Thu, Mar 12, 2015 - Page 8 News List

Moving the concensus goalposts

By Parris Chang 張旭成

Furthermore, a large-scale flight of Taiwanese capital and relocation of production facilities to China have caused economic stagnation, a high jobless rate and a widening of the gap between the rich and the poor. Consequently, there is massive popular discontent and resentment about Ma’s pro-China policies.

In the hope of attending the APEC summit in Beijing in November last year, and to stage a historic meeting with Xi, Ma tilted further toward China’s framework. To show his support for the “one China” framework, Ma in 2013 said that Taiwan and the Chinese mainland were regions of China and cross-strait relations were not international relations.

However, Ma’s maneuvers boomeranged. Not only did he fail to secure an invitation to Xi’s party, his pro-China policies were also repudiated by the voters in November last year. The prospect of the KMT being voted out of power and the DPP taking over the government next year looms large.

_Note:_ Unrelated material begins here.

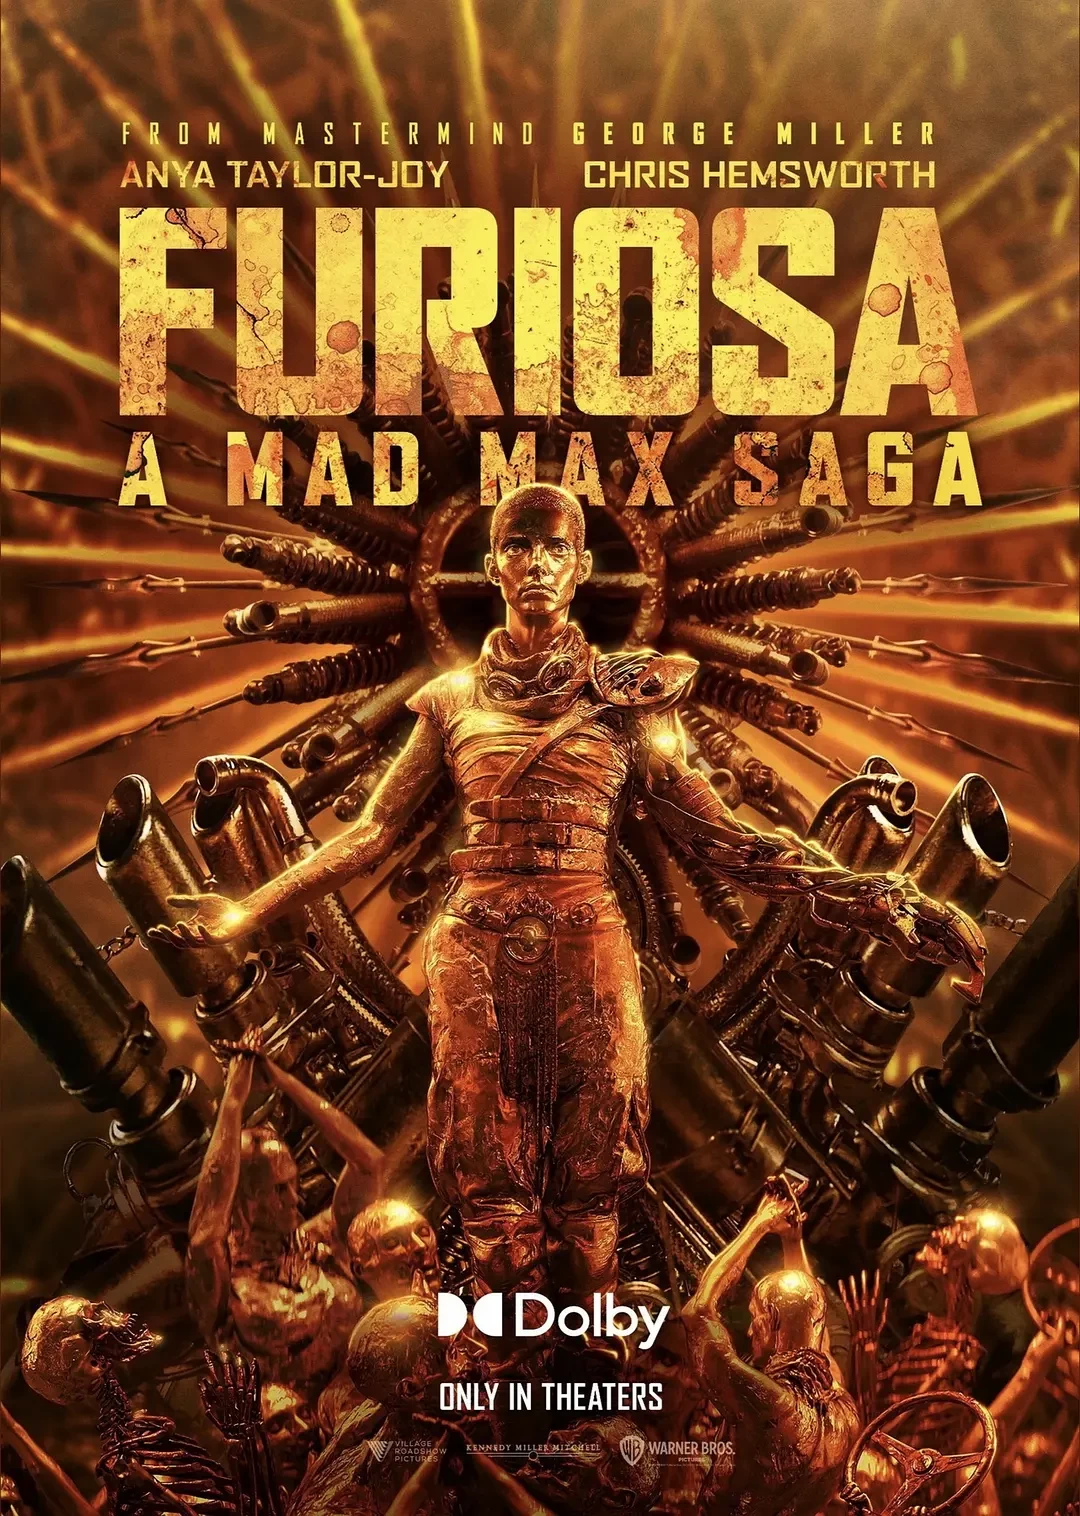 疯狂的麦克斯：狂暴女神 WEB-DL版下载/疯狂的麦克斯：弗瑞奥萨 / 芙莉欧莎：疯狂麦斯传奇篇章(台) / 芙莉欧莎：末日先锋传说(港) / 疯狂的麦克斯前传 / Mad Max: Furiosa / Furiosa 2024 Furiosa: A Mad Max Saga 26.45G

To his chagrin, Xi belatedly discovered the defects of his predecessor Hu’s strategy to “buy” Taiwan. The strategy was designed to recruit and cultivate Taiwanese business tycoons so as to use these enablers to forge ahead Taiwan’s peaceful unification.

However, the strategy has backfired badly, as most Taiwanese strongly resent these compradors, who are corrupt and have monopolized the bonuses of cross-strait economic engagement, and perceive them to be potential quislings to help Beijing annex Taiwan.

Xi and his colleagues may be too embarrassed to admit it, but they now realize that they have been poorly informed and misled by their cadres about the real situation in Taiwan.

Most of these cadres have neglected and ignored ordinary Taiwanese; instead they have been wined and dined by the rich and the powerful and, in the process, have become rich themselves. Beijing’s ongoing anti-corruption campaign should also investigate the cadres at the Taiwan Affairs Office.

It is imperative for Xi to liberate his thought and develop a new thinking; to reset Beijing’s policy on Taiwan.

The “1992 consensus” that Xi pitched to Taiwan’s pro-unifucation groups in September last year is shopworn and has no appeal to Taiwanese. The forefathers of Taiwanese were immigrants from China who left behind an old continent often ravaged by wars and oppression to seek a new and better life in this land. Their offspring have built an affluent nation — free, democratic and one which respects human rights.

In Taiwan, 60.6 percent of people identify themselves as Taiwanese, only 3.5 percent see themselves as Chinese and an overwhelming majority of the residents favor independence or the “status quo.”

Only a very small number of people aspire to living under China’s authoritarian rule. Most Singaporeans today are also the offspring of immigrants from China, and they have built a shining and prosperous independent nation, which is recognized by the Chinese.